If we take a look at the nutritional value of imitation crab in comparison to real crab meat, the calories in imitation crab are built up from added carbs rather than natural calories derived from proteins.

As a result, real crab meat is the better option for those who want to lose weight on a low-carb diet. 

This isn’t to say surimi isn’t nutritious. Surimi is made of pollock, after all, which is low in saturated fat and a great source of lean protein.

However, due to the process of deboning and stripping pollock to turn it into surimi, some of the nutrients are stripped away. 

Sometimes, imitation crab has added nutrients listed on the packaging to try and emulate the nutritional benefits of real crab meat.

However, even though some imitation crab might have added omega-3, this doesn’t mean it has the same level of essential fatty acids as real crab meat. 

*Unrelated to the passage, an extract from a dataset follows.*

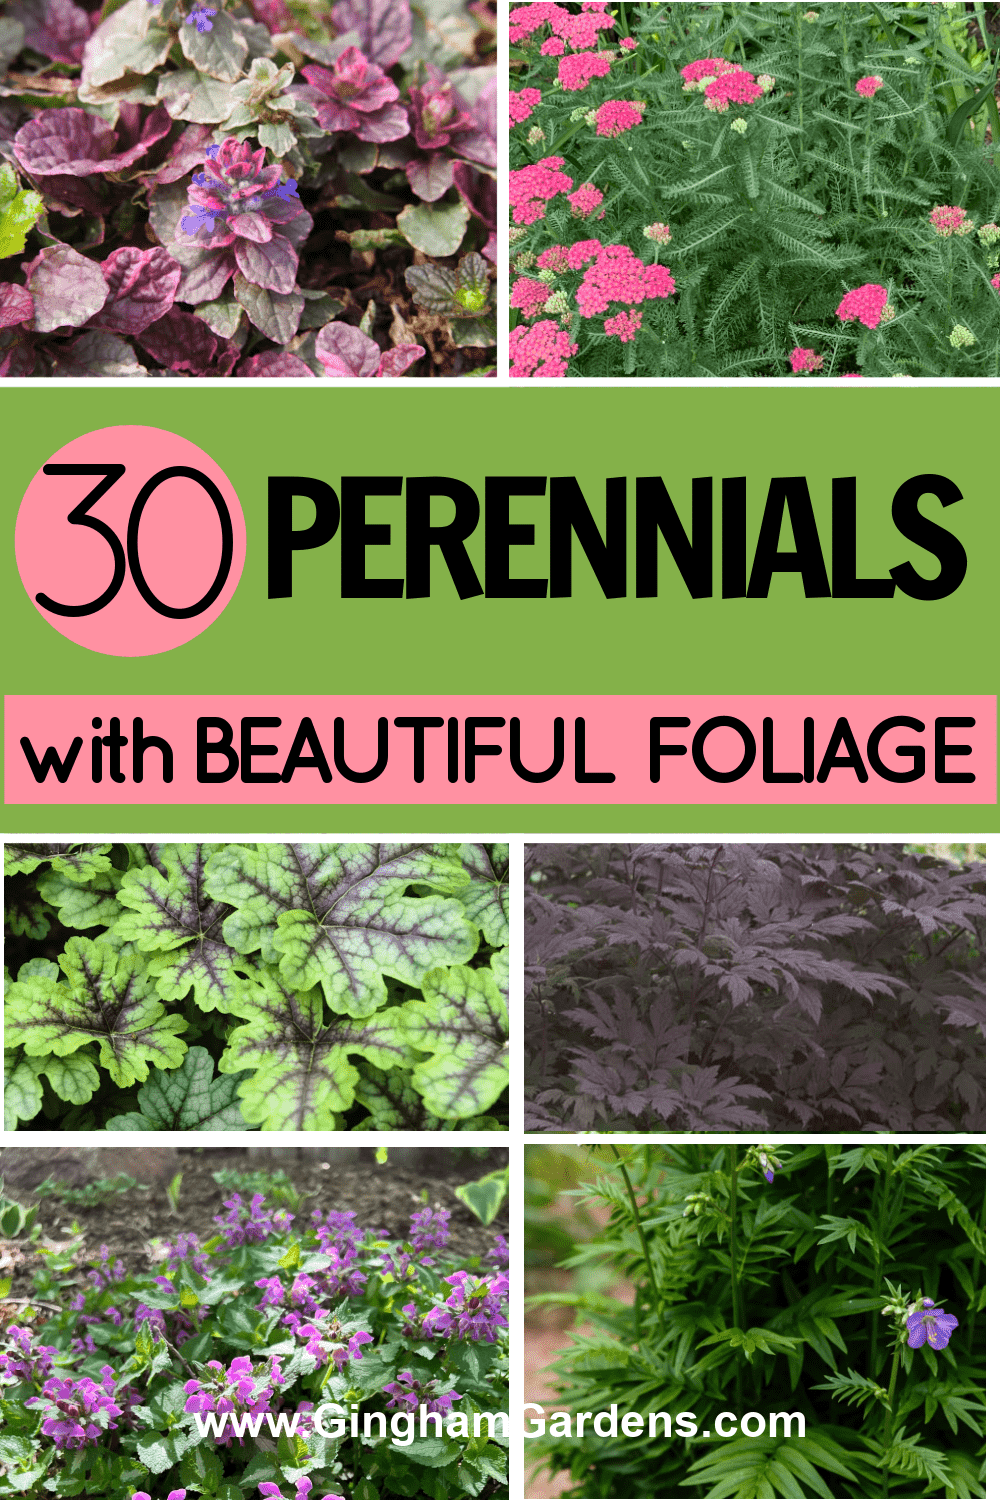 Collage of plants with beautiful foliage with text overlay - 30 Perennials with Beautiful Foliage

It’s also important to remember that imitation crab contains processed foods. While surimi is the main component, the other ingredients include salt, vegetable oil, sugar, starch (often wheat, tapioca, or potato), and water.

These ingredients are essential for emulating the texture of real crab meat, but such processed foods aren’t as nutritious as the real thing. 

Which Is Better: Imitation Crab Or Real Crab?

So, if you’re not sure which is better, let’s take a look at the key differences between imitation crab and real crab. 

While imitation crab isn’t real crab, it’s an affordable, versatile, and highly believable emulation of the real fish. Its affordability is the reason why restaurants use it so frequently. Plus, you can buy it in virtually any form. 

What imitation crab lacks, however, is the nutritional value that real crab meat flourishes in. So, if you want the healthiest option, then real crab meat is the way to go. 


So, there you have it! While imitation crab isn’t actually crab meat, it’s still a seafood option designed to emulate crab.